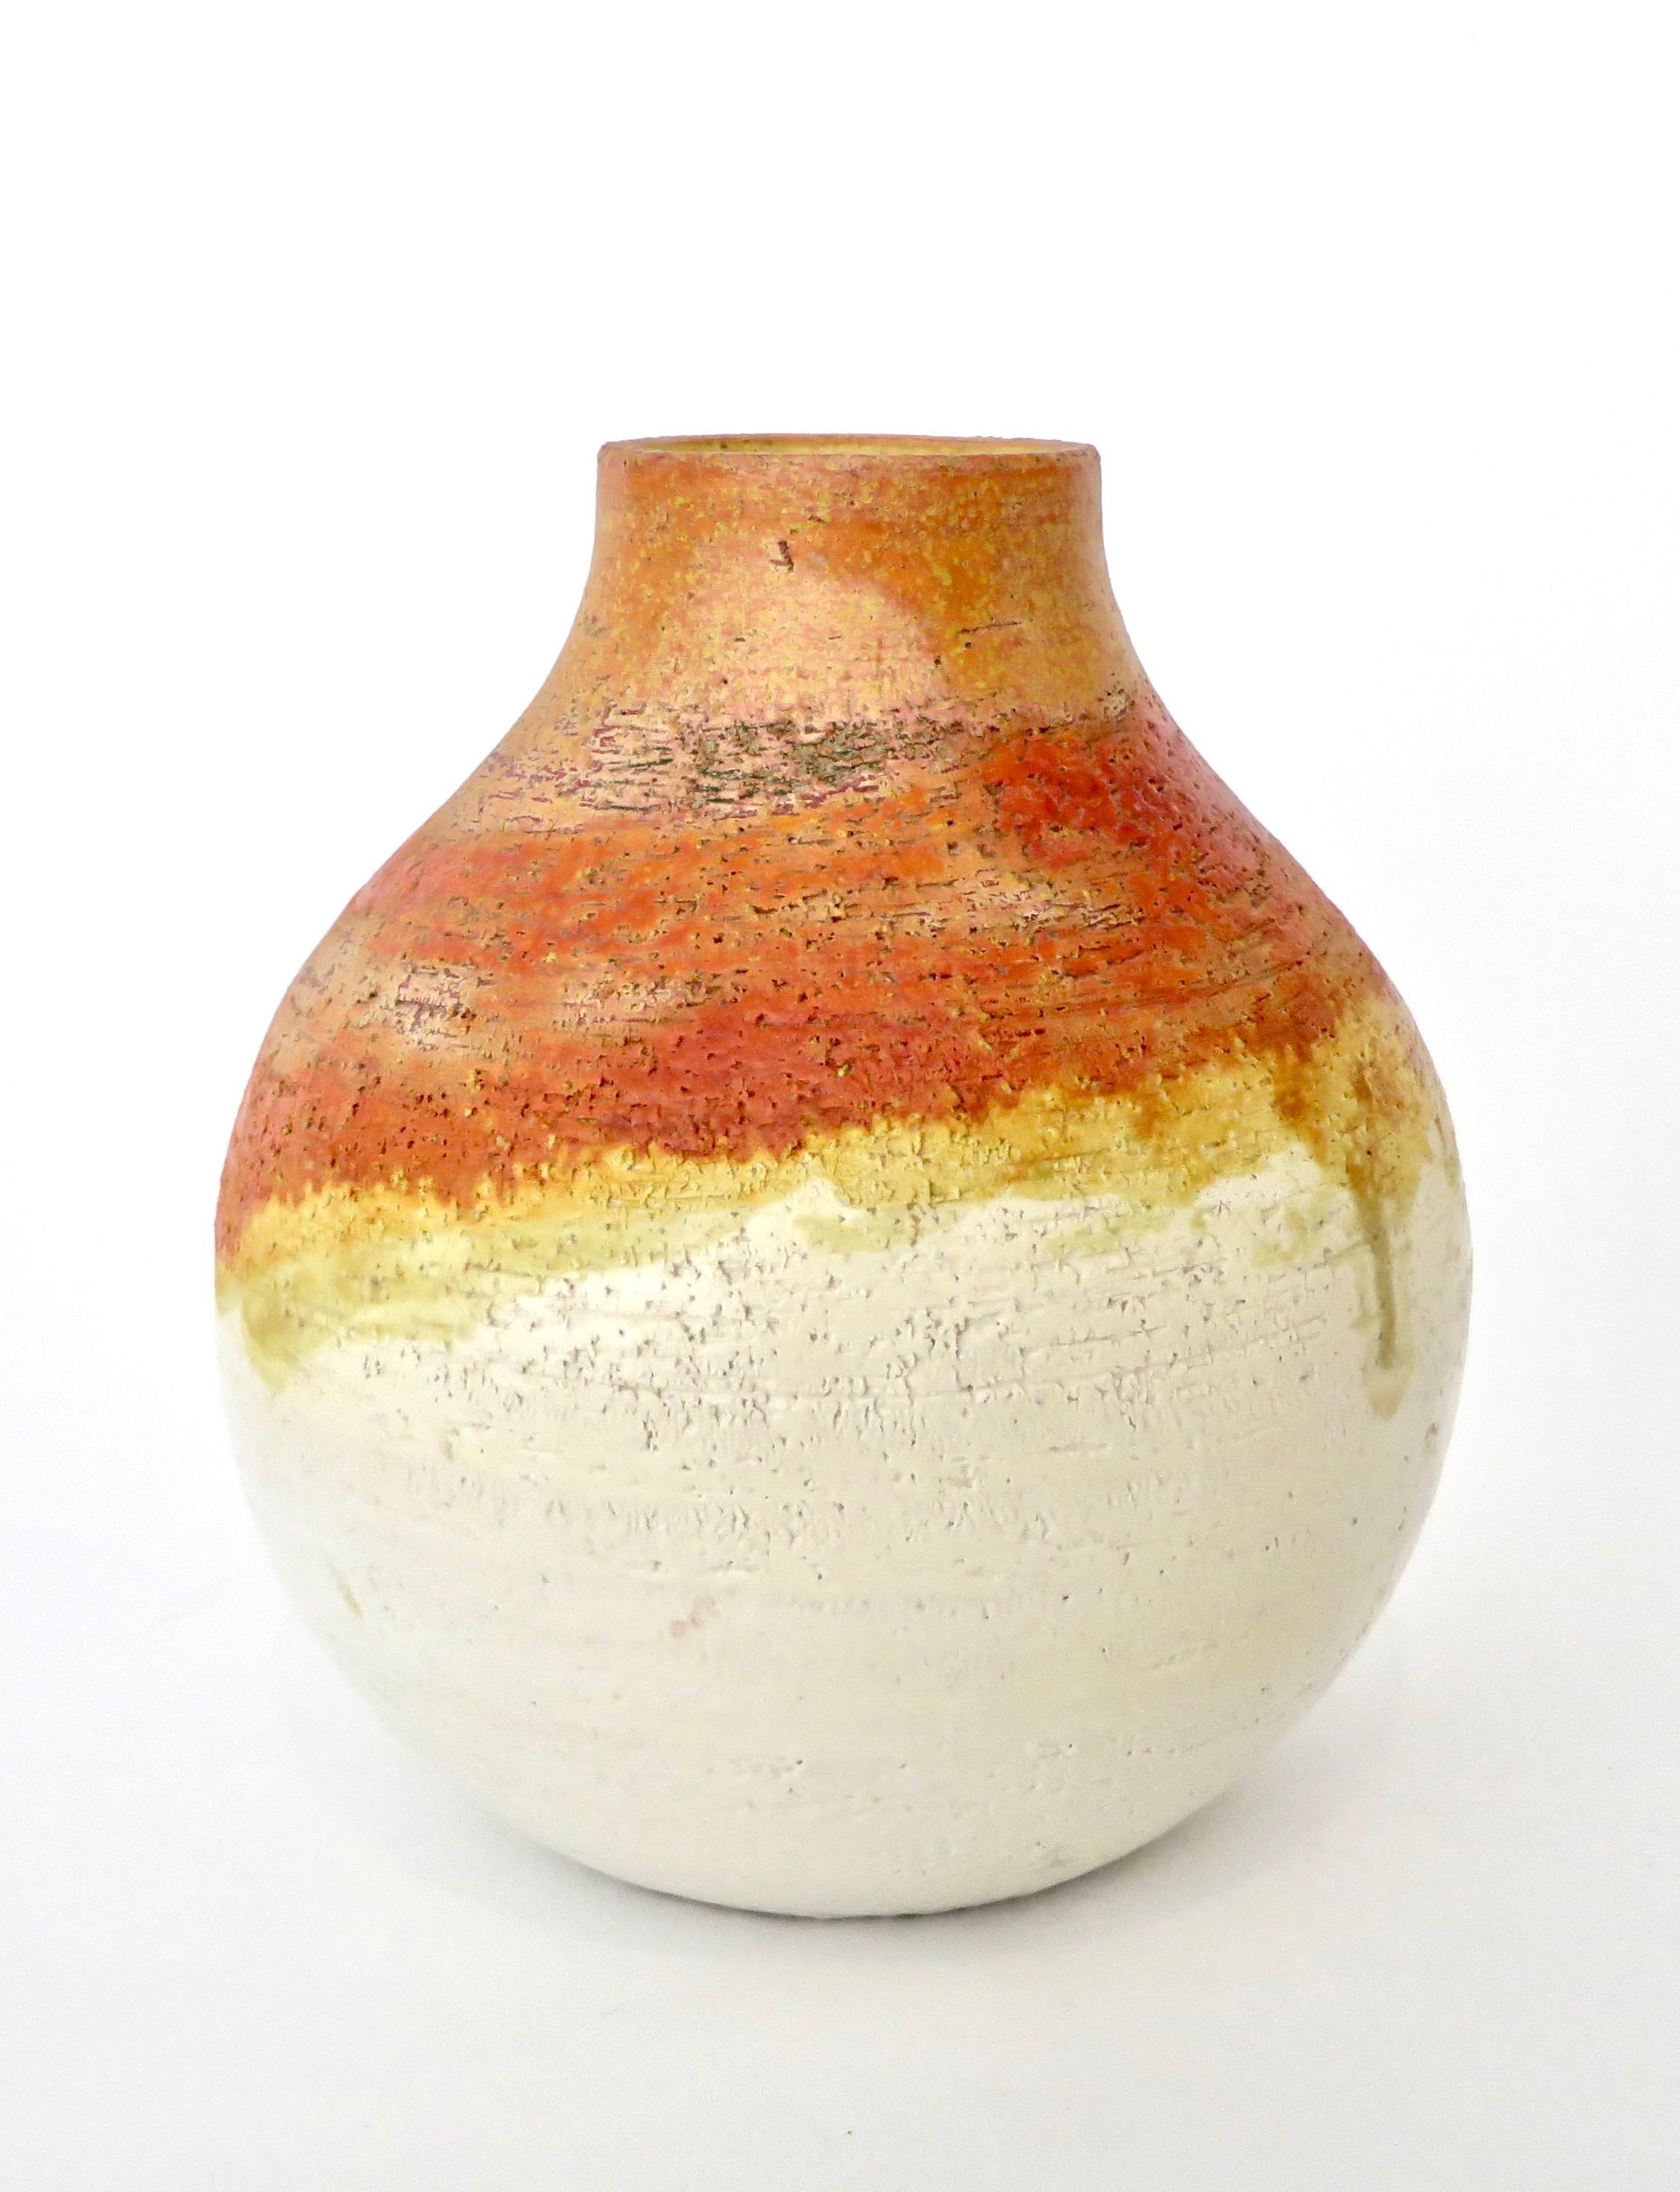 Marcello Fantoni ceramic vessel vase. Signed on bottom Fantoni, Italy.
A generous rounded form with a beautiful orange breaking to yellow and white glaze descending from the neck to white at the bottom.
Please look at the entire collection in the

WHAT IS REQUIRED -
Each line above is to be copied verbatim. Drop any image from the copy.

OUTPUT FOR THIS EXERCISE -
 Marcello Fantoni ceramic vessel vase. Signed on bottom Fantoni, Italy.
A generous rounded form with a beautiful orange breaking to yellow and white glaze descending from the neck to white at the bottom.
Please look at the entire collection in the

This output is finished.